С чувством горечи и гнева повесил он трубку. Какие потери, сколько жертв! А виной всему — предательство одного изменника!

Скрестив руки на груди, Самуэли долго стоял в коридоре возле окна, погруженный в невеселые раздумья. В тот самый день, когда он подавлял в Калоче последние очаги мятежа, здесь, в Будапеште, его набрали членом Центрального Исполнительного Комитета. А в состав нового правительства не ввели. Отныне он входит в Правительственный Совет лишь как председатель чрезвычайного трибунала. Правые реформисты настояли на его отстранении, мотивируя это тем, что у Самуэли, дескать, слишком «твердая рука»… С тех пор прошло всего два дня. И вот сегодня Исполком Советов после вчерашних кровавых событий вынужден провозгласить политику твердой руки! Жизнь целиком подтвердила правильность его позиций. «Если бы не позволяли правым безответственно разглагольствовать о проведении «умеренного курса», — думал он, — а под «умеренностью» понимали они безнаказанность виновных, — не произошло бы вчерашнего путча, и сегодня мы не потеряли бы суда. Не было бы жертв. Твердая рука диктатуры пролетариата могла бы продолжать осуществлять свое дело, соблюдая, конечно, должную умеренность…»

По коридору торопливо прошел сотрудник Наркомата иностранных дел. Он попросил дежурного вызвать из зала заседаний Бела Куна. Самуэли уловил лишь одну фразу Куна, произнесенную громко:

— Передайте, пожалуйста, что идет заседание. Я занят. Освобожусь не раньше ночи. Тогда милости прошу!

Сотрудник наркомата ушел, почти убежал.

— Глава итальянской военной миссии подполковник Романэлли решил заступиться за офицеров, арестованных вчера, — сказал Кун, подходя к Самуэли. — Получил, видите ли, радиограмму с одного из мониторов, что стоят в сербских водах, и на основании ее требует, чтобы мы обращались с командиром минного заградителя «Труд» как с военнопленным. Разве это судно в мятежной флотилии?

Самуэли рассказал Куну о телефонном разговоре с Ласло.

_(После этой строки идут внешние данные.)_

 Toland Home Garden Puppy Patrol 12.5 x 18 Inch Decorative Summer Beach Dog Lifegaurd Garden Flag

— Ах вот оно что! Этот капитан и есть предатель?! — воскликнул Кун. — Ну и ну! Однако антантовских дипломатов оперативно осведомляют обо всем. И они тут же заступаются за изменников да еще ссылаются на общественное мнение всего западного мира. Когда в свое время мы оказались в тюрьме, тогдашние правители Венгрии лишили нас самых элементарных прав, предоставляемых политическим заключенным. А от нас, как видите… требуют, чтобы мы обращались с контрреволюционерами, как с военнопленными. Замысел их понять нетрудно: военнопленного, согласно нормам международного права, нельзя казнить, нельзя заключить в тюрьму, а если он к тому же и офицер, ему выплачивают и жалованье. Хитрецы! Ну что ж, сессия Исполкома даст ответ на этот демарш представителя Антанты. Кстати, каково ваше мнение о моем предложении?

— Я одобряю… Может, только вам не следовало бы самому вносить проект. Вы еще объединяете как-то правительство, и подобная инициатива осложнит ваше положение. И в международном плане затруднит вашу деятельность. Короче, вы можете оказаться в таком же положении, как и я. Так что, пожалуй, целесообразнее было бы выступить с этим предложением мне.

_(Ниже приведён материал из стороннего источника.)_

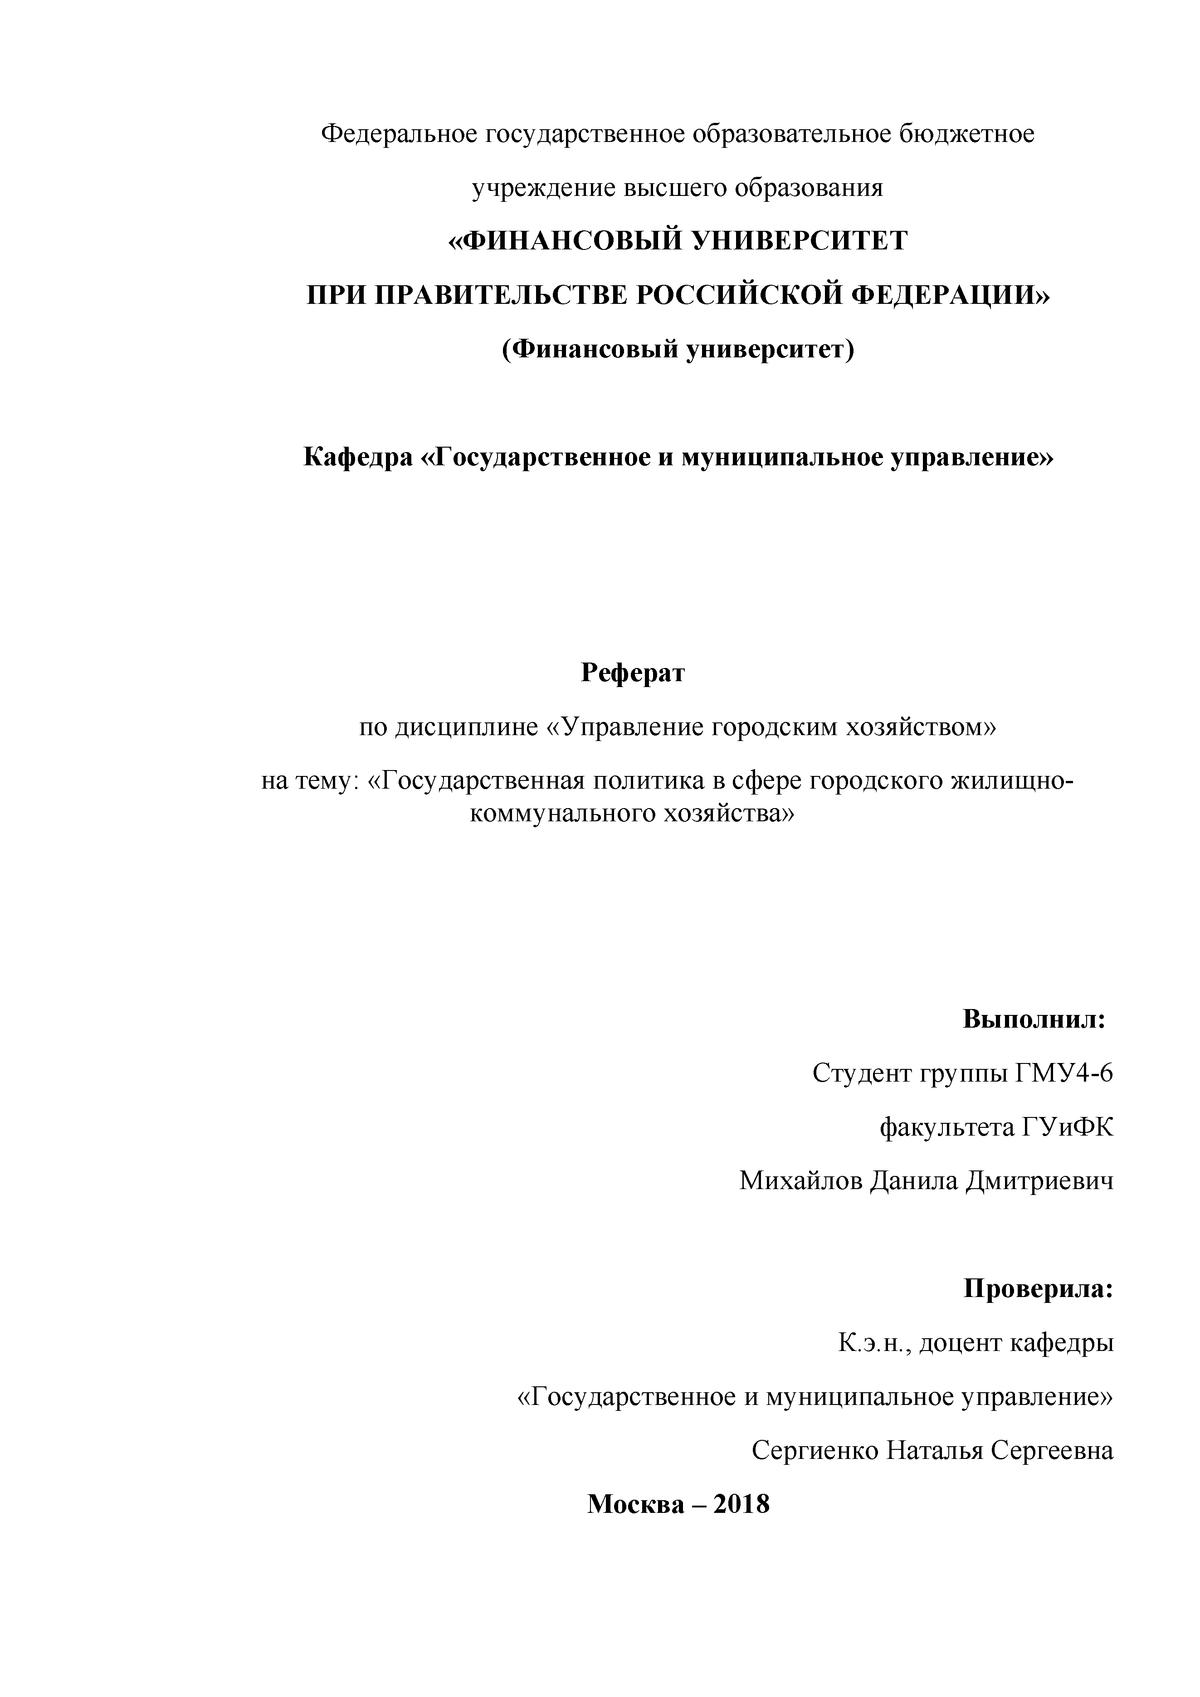 Реферат государственное и муниципальное управление 3219

Кун ничего не ответил Самуэли и только крепко сжал его руку.

Глава четвертая

Человек

Мы не заметили, что клевета на Тибора и распространение о нем сплетен были средством и методом классовой борьбы буржуазии.

Бела Кун
12

Паровоз дал гудок. Хлопнула вагонная дверь — это вернулся патруль, выходивший на каждой станции. Пульмановский вагон мерно покачивался.

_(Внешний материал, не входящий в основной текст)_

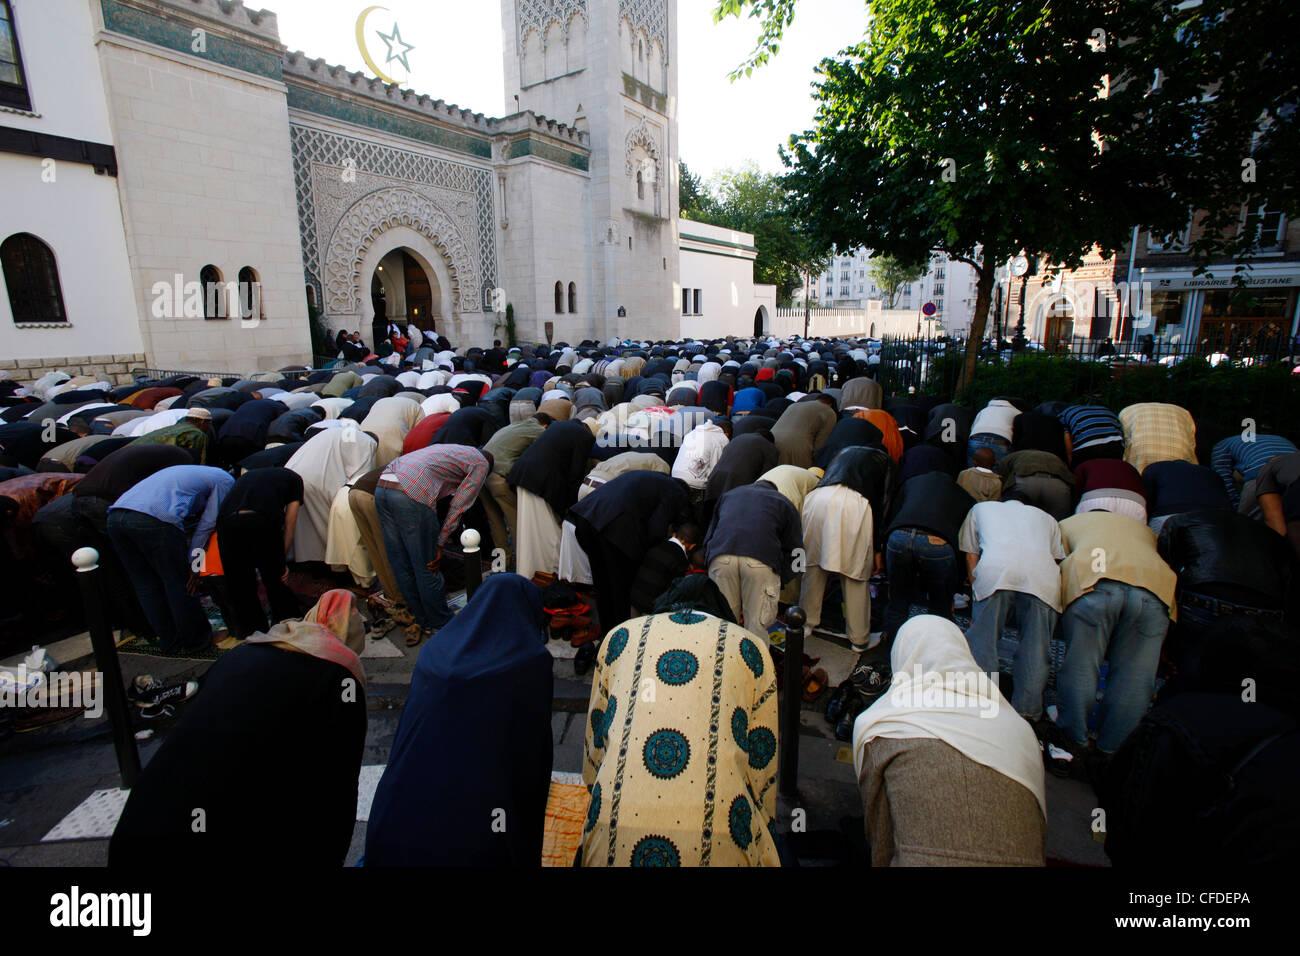 Muslime beten außerhalb der großen Moschee von Paris auf Beihilfen El-Fitr Festival, Paris, Frankreich, Europa Stockfoto

Перед глазами Самуэли промелькнул фасад станционного здания. В темноте он скорее угадал, чем различил название: «Д-о-р-о-г». «Вот и еще одну станцию миновали, скоро прибудем в Нергешуйфалу!» — подумал Тибор. Поезд набирал скорость. Нарком в одной гимнастерке стоял у открытого окна, но, почувствовав вдруг легкий озноб, отошел, застегнул ворот.

На станции Нергешуйфалу Йолан сойдет, а Самуэли поедет дальше, в Шопрон, «выяснять обстановку» в городе и области. Так предписала директория революционного Правительственного Совета. Оно, конечно, выяснить обстановку никогда нелишне. Но комиссар Правительственного Совета в Шопроне Шандор Кельнер сегодня прислал телефонограмму: «У нас порядок и спокойствие». И если уж он сообщил столь лаконично и определенно, значит, и в самом деле в тех местах все спокойно и выяснять там, собственно, нечего.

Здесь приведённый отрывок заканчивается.